Final answer:
Equations I, II, and III are exponential functions because they have constants raised to a variable power. Equation IV is also an exponential function with a subtraction and does not fit the form of a linear equation.
Step-by-step explanation:
To determine which equations are possible solutions, we need to first understand the nature of exponential functions and linear equations. Exponential functions have the form y = a^x, where 'a' is a constant and 'x' is the exponent. Linear equations are of the form y = mx + b, where 'm' is the slope and 'b' is the y-intercept.
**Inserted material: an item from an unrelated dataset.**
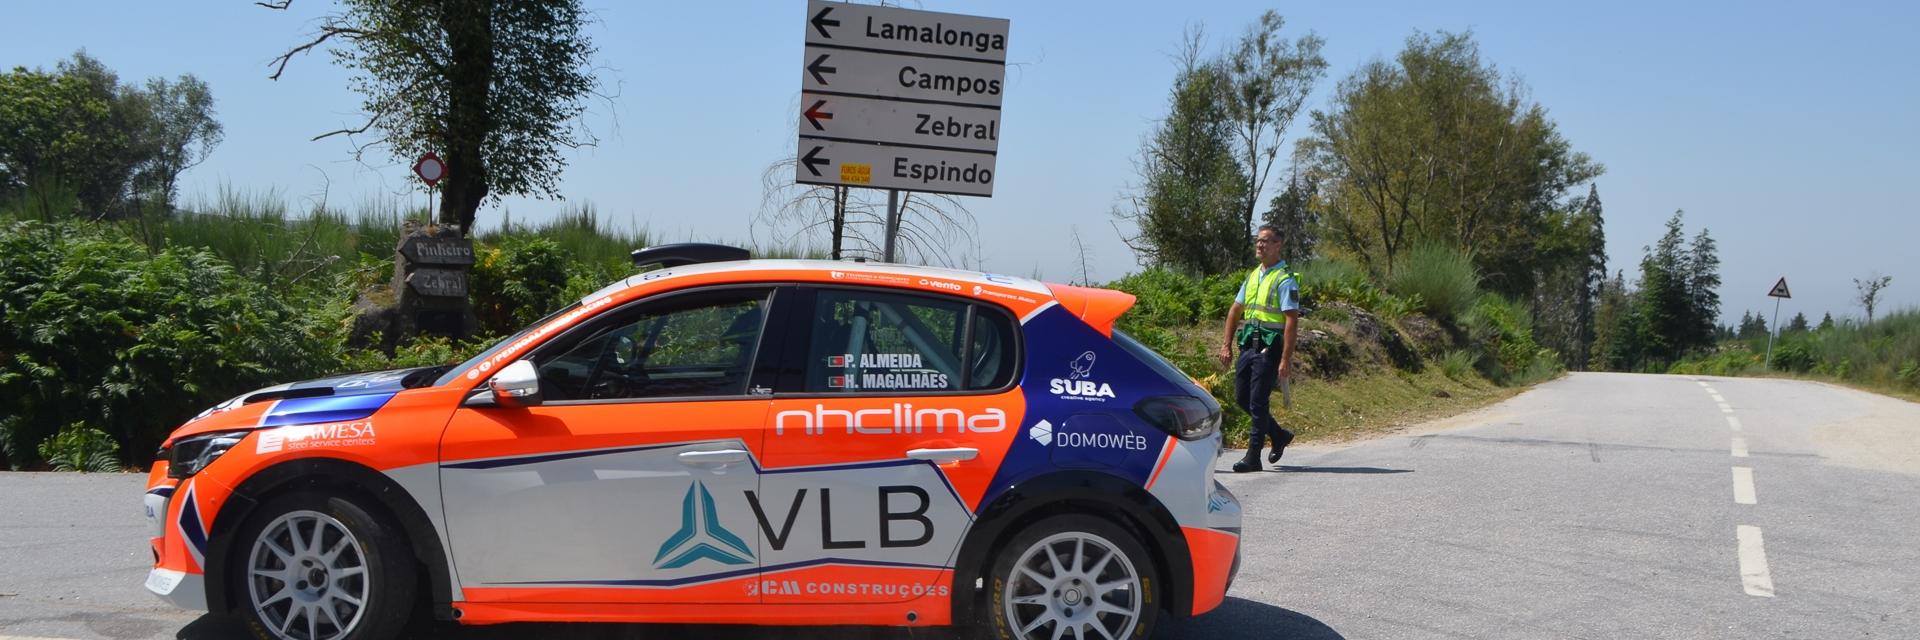 Pedro Almeida e Hugo Magalhães Testaram Peugeot 2008 Rally 4 na Serra da Cabreira

Analyzing the given equations:
I. y = 1/2(3)^x is an exponential function because it has a constant base of 3.
II. y = 3(1/3)^x simplifies to y = 3 × 3^(-x), which is also an exponential function with a constant base of 3.
III. y = (1/2)^(x+2) is an exponential function as it has a constant base of 1/2.
IV. y = 2^x - 1 can be mistaken for a linear function, but it's an exponential function with 1 subtracted from it; hence, it does not fit the linear equation form.
Based on this analysis, the possible solutions that are exponential functions are I, II, and III. However, IV is also an exponential function, just modified by a subtraction, so it might fit depending on the context of the original question which had typos and irrelevant parts removed.